Synopsis

Storms and other severe weather events can cause both public health and economic problems for communities and municipalities. Many severe events can result in fatalities, injuries, and property damage, and preventing such outcomes to the extent possible is a key concern.

This project involves exploring the U.S. National Oceanic and Atmospheric Administration’s (NOAA) storm database. This database tracks characteristics of major storms and weather events in the United States, including when and where they occur, as well as estimates of any fatalities, injuries, and property damage.

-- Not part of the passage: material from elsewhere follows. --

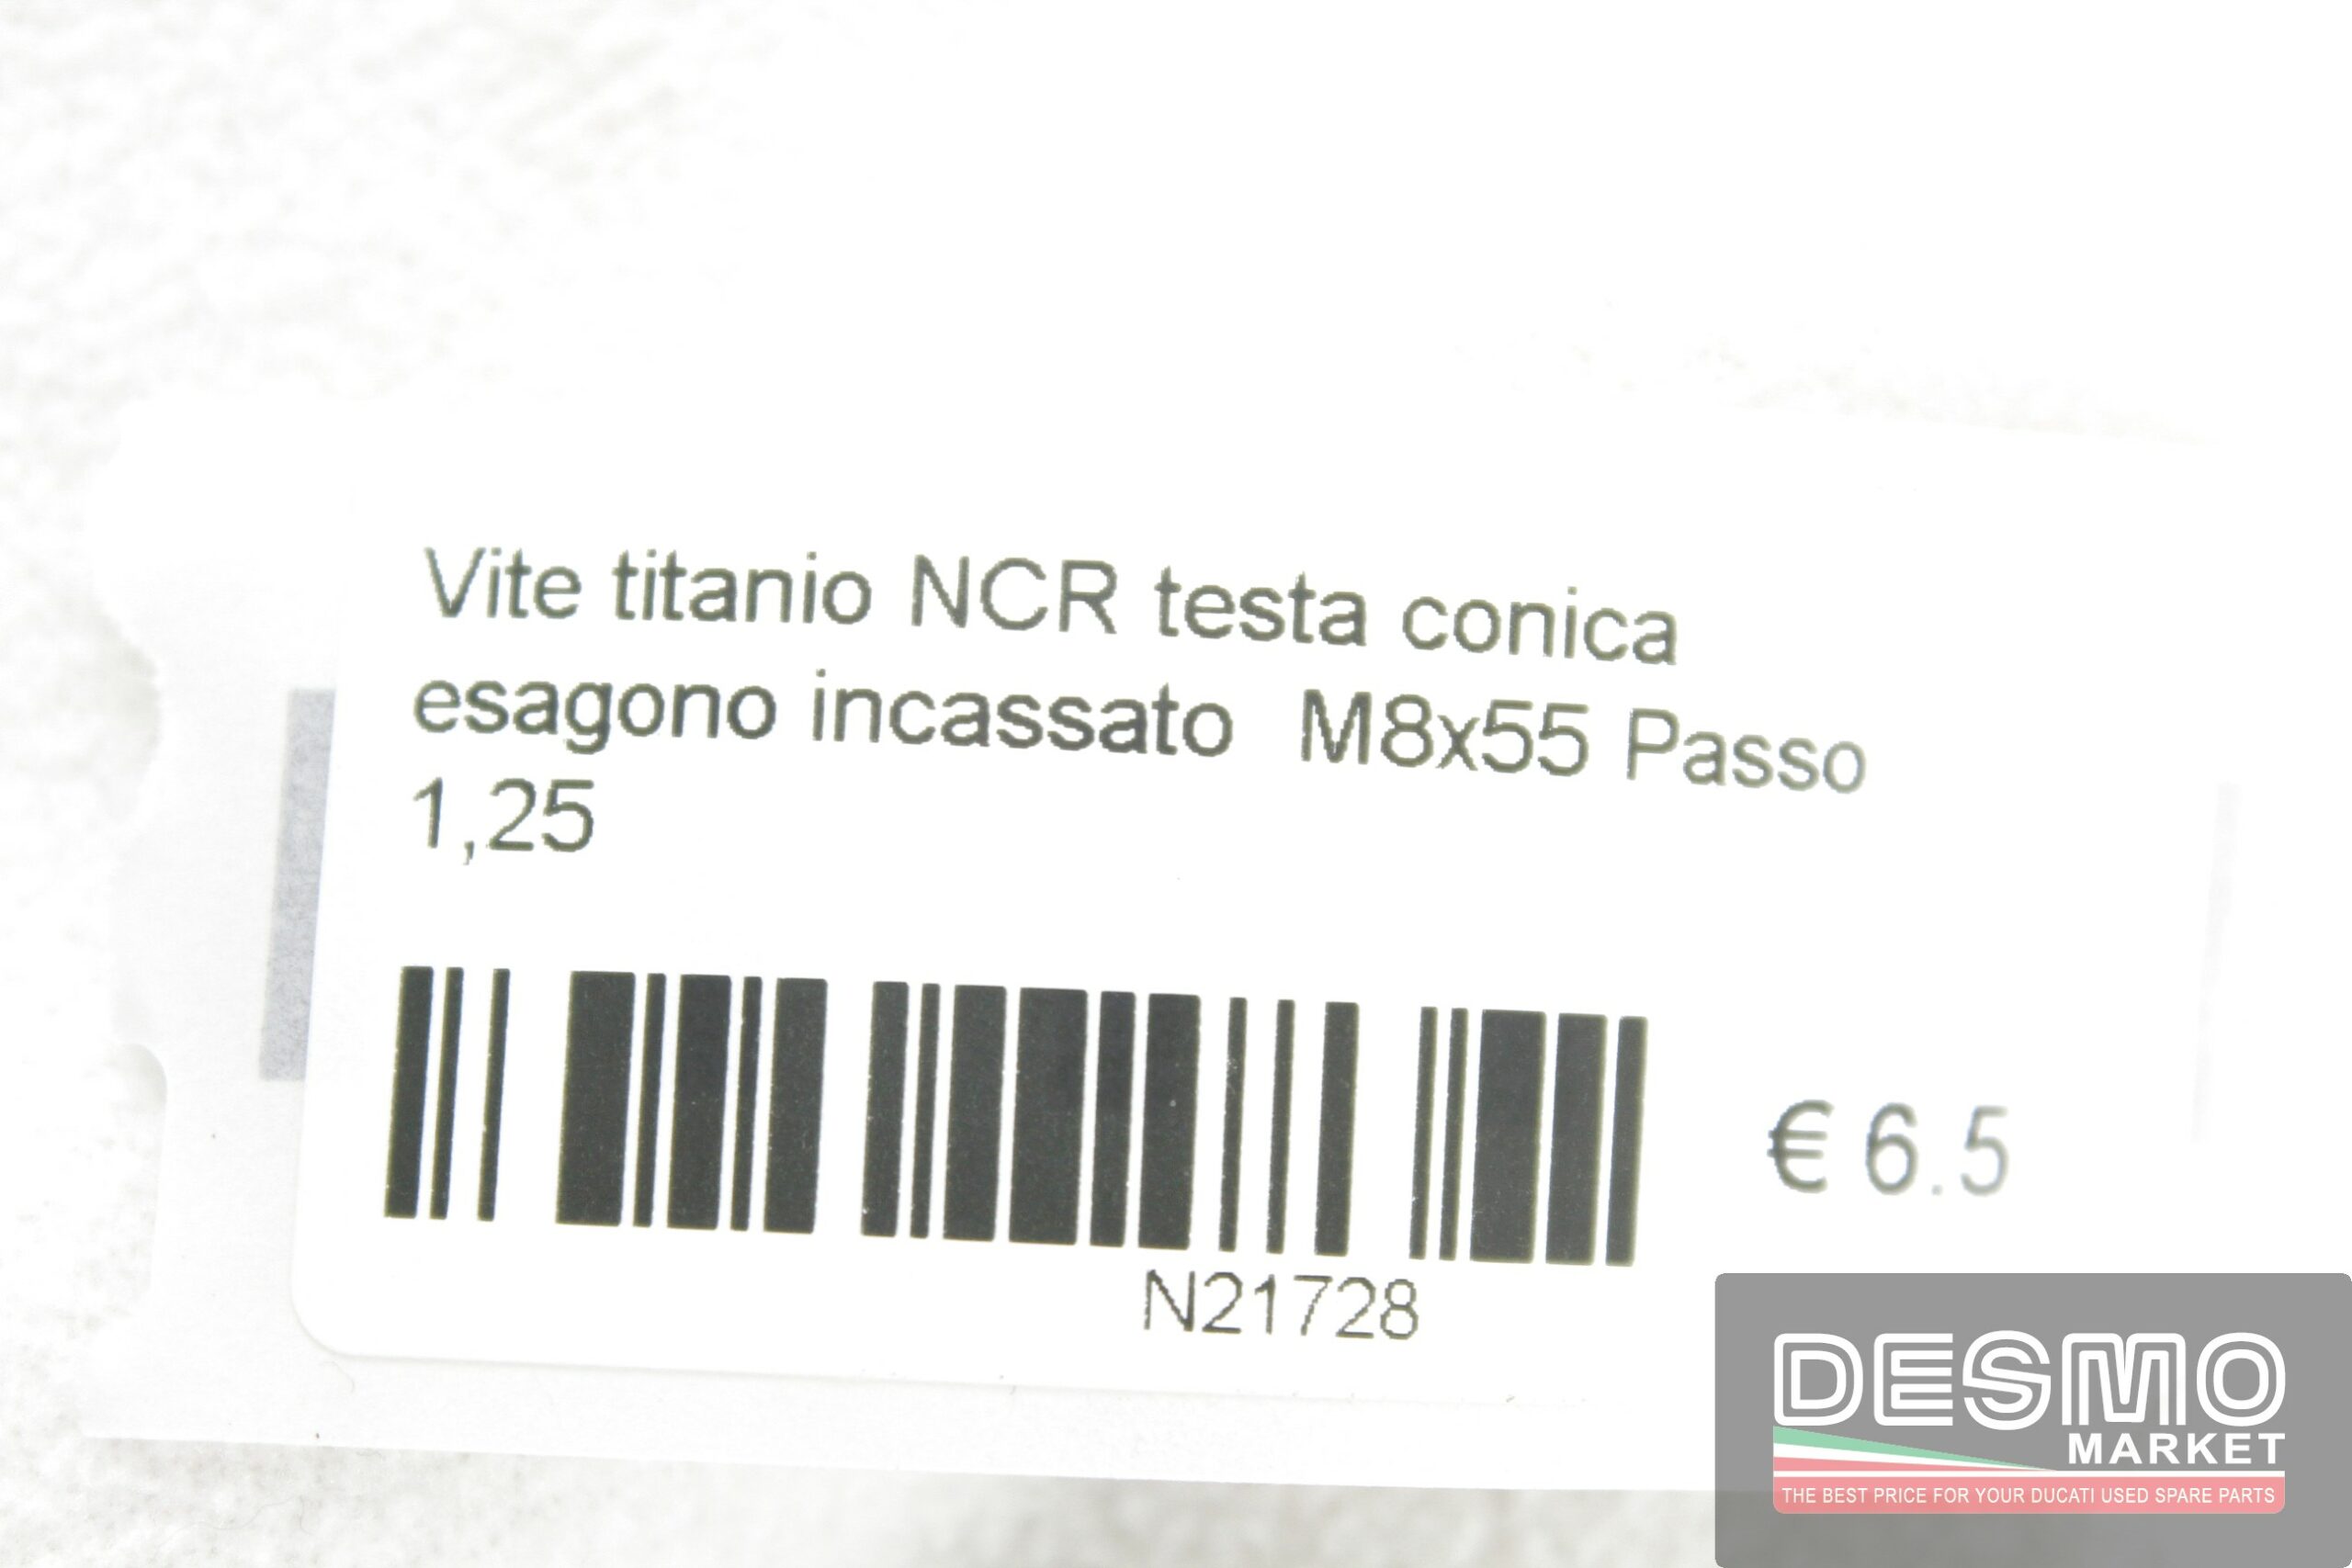 Vite titanio NCR testa conica esagono incassato  M8x55 Passo 1,25

In the database, only three weather events (flood, tornado, thunderstrom) are recorded from 1950 to 1992, most likely due to a lack of good records. Therefore, with a full spectrum of weather events, records from 1993 to November 2011 will be considered in the analysis.

Weather events drought, tornado, and flood were found to cause the most harm to population health. On the other hand, flood, hurricane, and storm were found to cause the most property damage.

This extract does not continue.